RITZ Coated French Toasted OREO Cookies

16 servings
40min Cook
Ingredient List
- 1 egg
- ¼ cup milk
- 12 RITZ Crackers, crushed
- 16 OREO Cookies
- 1 Tbsp. butter, divided
- 1 cup thawed frozen whipped topping
- 1 cup EACH raspberries and coarsely chopped strawberries
- ⅓ cup maple-flavored or pancake syrup
Nutritional Information
| Calories | 120 |
| Total fat | 5g |
| Saturated fat | 2g |
| Trans fat | 0g |
| Cholesterol | 15mg |
| Sodium | 90mg |
| Total Carbohydrate | 17g |
| Dietary fiber | 1g |
| Total sugars | 9g |
| Added sugars | 8g |
| Protein | 1g |
| Vitamin D | 0% DV |
| Calcium | 2% DV |
| Iron | 4% DV |
| Potassium | 2% DV |
- 1Cover small baking sheet with parchment. Whisk egg and milk in small shallow dish until blended. Place crushed crackers in second shallow dish.

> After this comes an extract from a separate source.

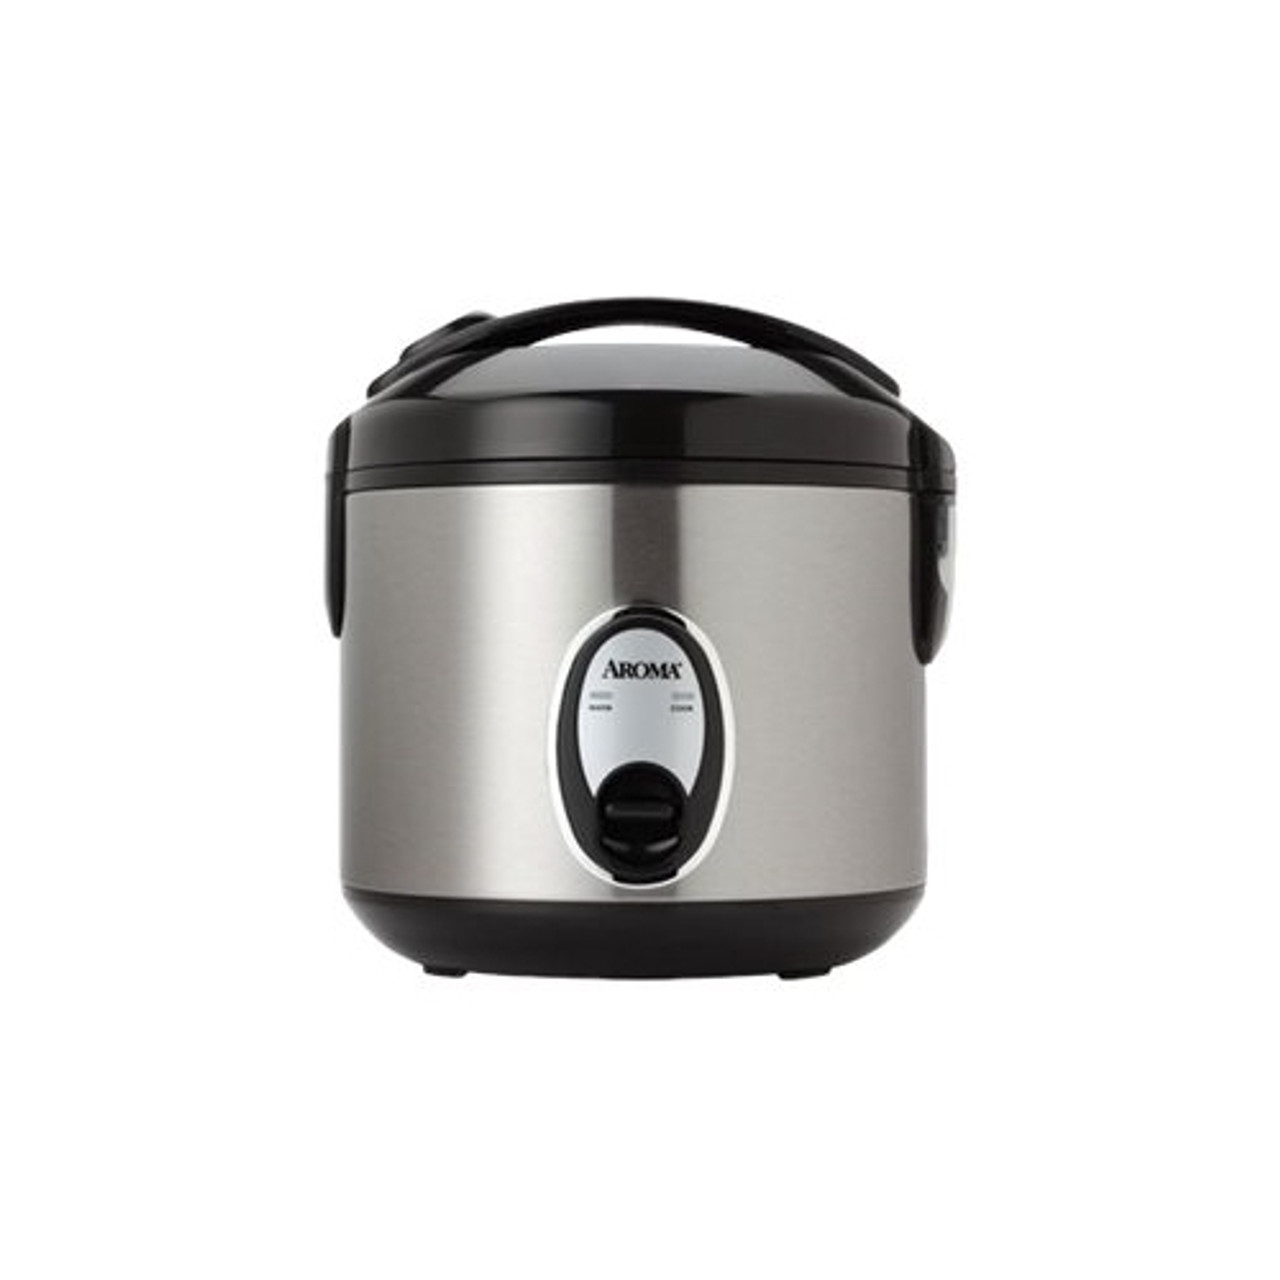 AROMA - 8-Cup Rice Cooker/Steamer - Black/silver

- 2Dunk 1 cookie into egg mixture, then cracker crumbs, turning to evenly coat both sides of moistened cookie with crumbs. (See Note.) Gently press crumbs into both sides of cookie to secure; place on prepared baking sheet. Repeat with remaining egg mixture and cookies.
- 3Melt half the butter in large skillet over medium heat. Add 6 cookies; cook 30 sec. to 1 min. on each side or just until golden brown on both sides. (Do not overcook.) Place cookies on serving plate. Repeat with remaining butter and cookies.
- 4Serve warm topped with whipped topping, berries and syrup.